On fork's, wait's, SIGCHLD and Pro*C

From: Andy Edwards <andy_at_max.uis.com>
Date: Thu, 26 Aug 1993 03:57:41 GMT
Message-ID: <CCCLo6.Ev0_at_max.uis.com>


We seem to have run into a stumbling block with Oracle 7.0.12 and Pro*C 1.5.6(?) on HP9000 S800 with HPUX 9.0. Hope I remember all of the details....

We have a program that does the following:

  • opens several file descriptors (ttys) and stores them in a list.
  • infinitely does a select() on the file descriptors
  • when there is action on a tty, the program fork's a child to handle the activity. this child does some SQL and exits. in addition, the file descriptor is removed from the select() list so that subsequent activity is only seen in the child. finally, the PID of the child is also noted so that we know a child is working on that file descriptor.
  • in the meantime, the parent process goes back to the select() to look for more action. however, before it gets back to the select(), it does a CONNECT, followed by some SQL, and then a COMMIT RELEASE. Only then does it return to the select().
  • In order to get the file descriptor back in the select() list, the parent must know when the child exits, and find the file descriptor associated with the childs PID. this is done by catching SIGCHLD and setting a flag. the flag is then checked just before select() is called again. if set, waitpid() is called to find any PIDs that need to be looked at. for each PID, the associated file descriptor is put back in the file descriptor set for the select().

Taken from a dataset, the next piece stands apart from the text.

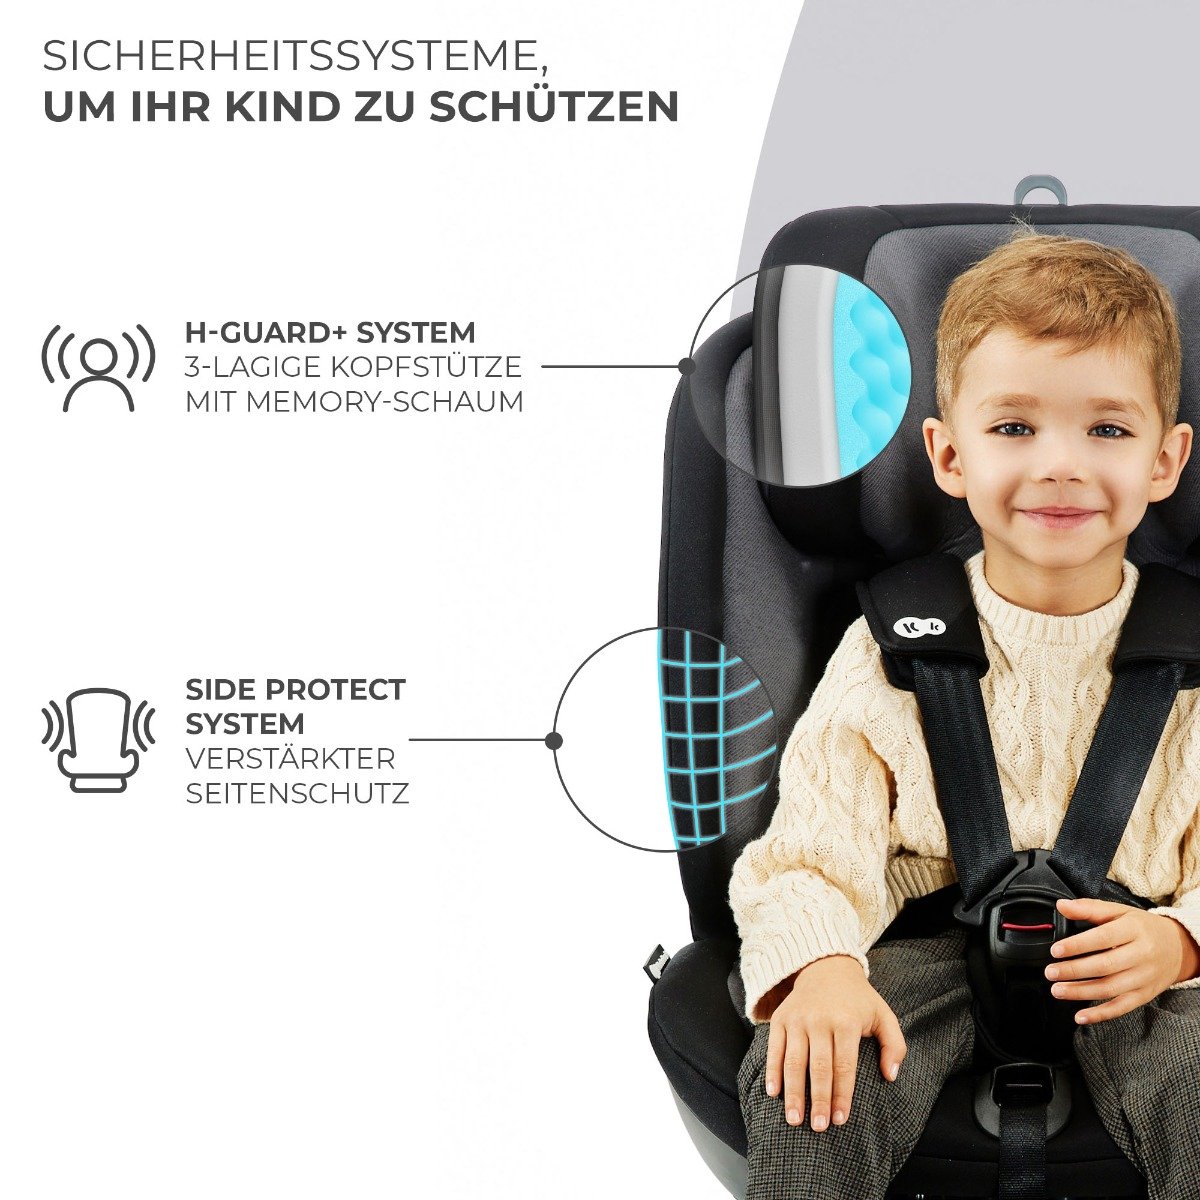 Kinderkraft I-Grow Child Car Seat, I-Size 40-150 cm, 360 Degree

We are having a problem in that sometimes the PID associated with one of our children is never returned by waitpid(), therefore we never get the file descriptor back in the select().

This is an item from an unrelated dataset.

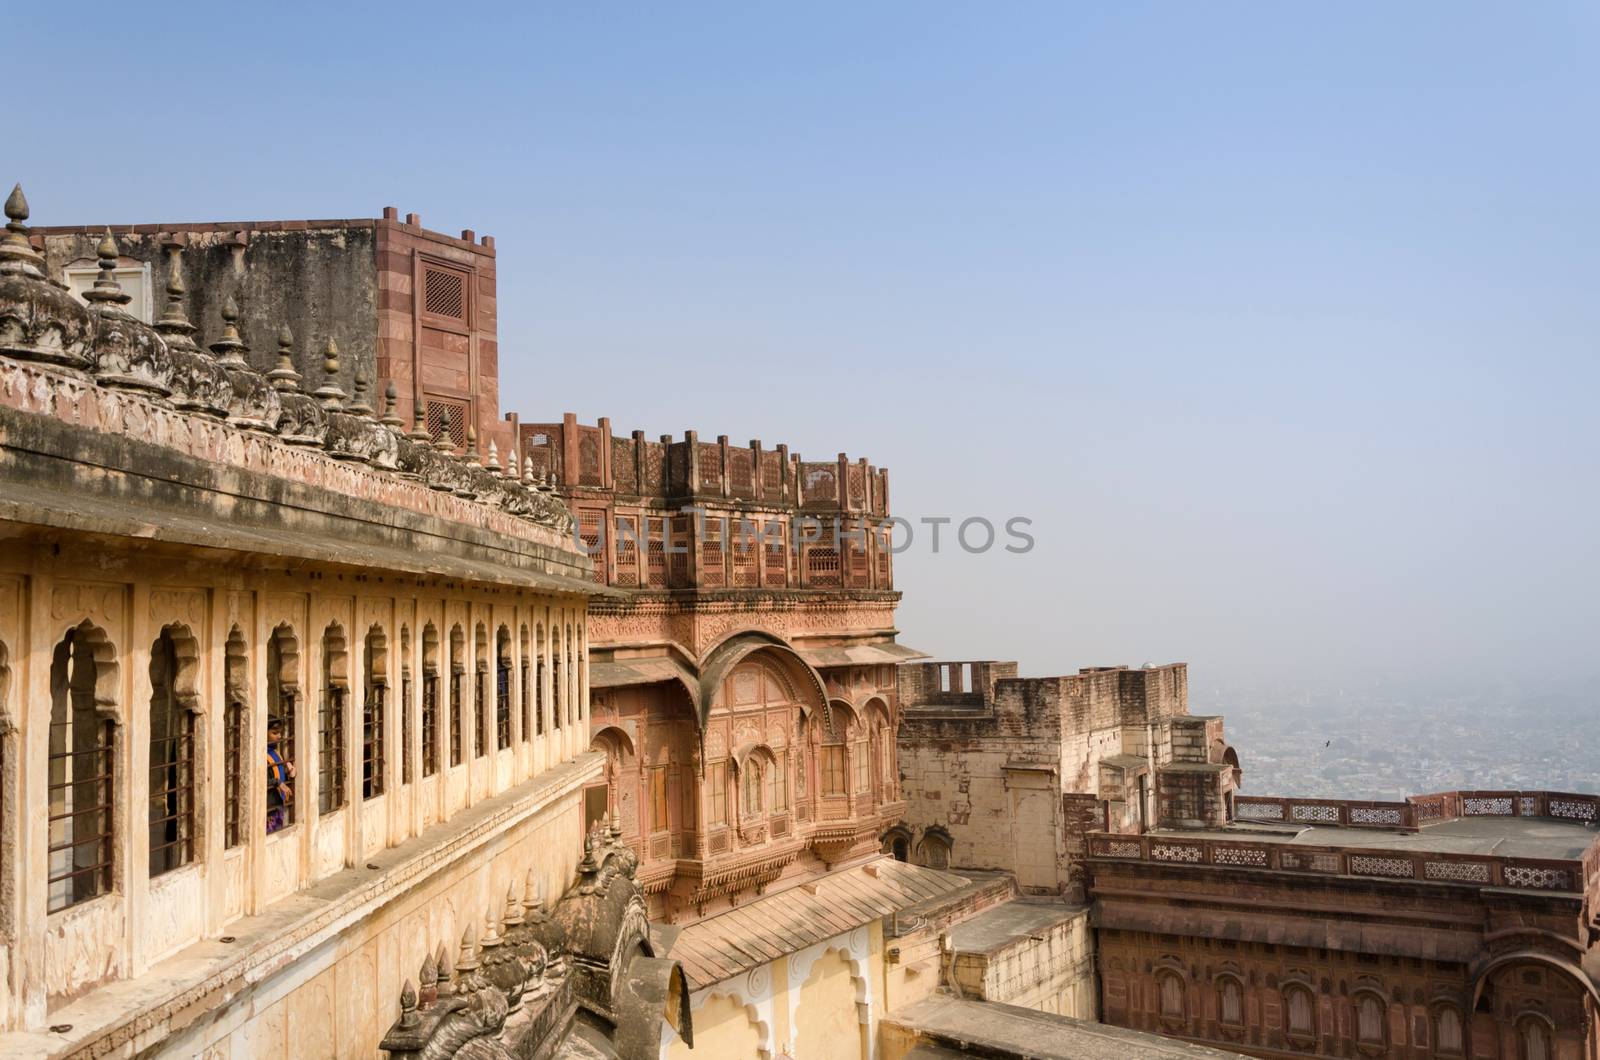 Meherangarh fort in jodhpur, rajasthan, india

I believe that the CONNECT, SQL, COMMIT RELEASE sequence interferes with our process handling scheme. the evidence is:

  1. I know a child process is fork'ed in that sequence because I am catching SIGCHLD immediately after that sequence even when I have no children (SIGCHLD is blocked while Oracle stuff is happening)
  2. I *never* see a stray PID from waitpid(). that is, i never see a PID that I did not fork().
  3. There are never zombies that need to be wait'ed on.

My hypothesis is that the CONNECT statement fork's a child to do SQL stuff. Then the RELEASE tells the child to exit, and then performs a wait() to clean up after itself. Unfortunately, the above conditions lead me to believe that RELEASE is, in fact, wait'ing for any and all children, thereby eating my PIDs as well as its own.

Can anyone confirm or refute my claim here? I will probably need someone who has seen the source or experienced the problem. If my claim holds, then this is a bug in the Pro*C library that needs to be fixed.

In the meantime, any suggestions for a workaround?

   thanks,

        -andy
        
Received on Thu Aug 26 1993 - 05:57:41 CEST

Original text of this message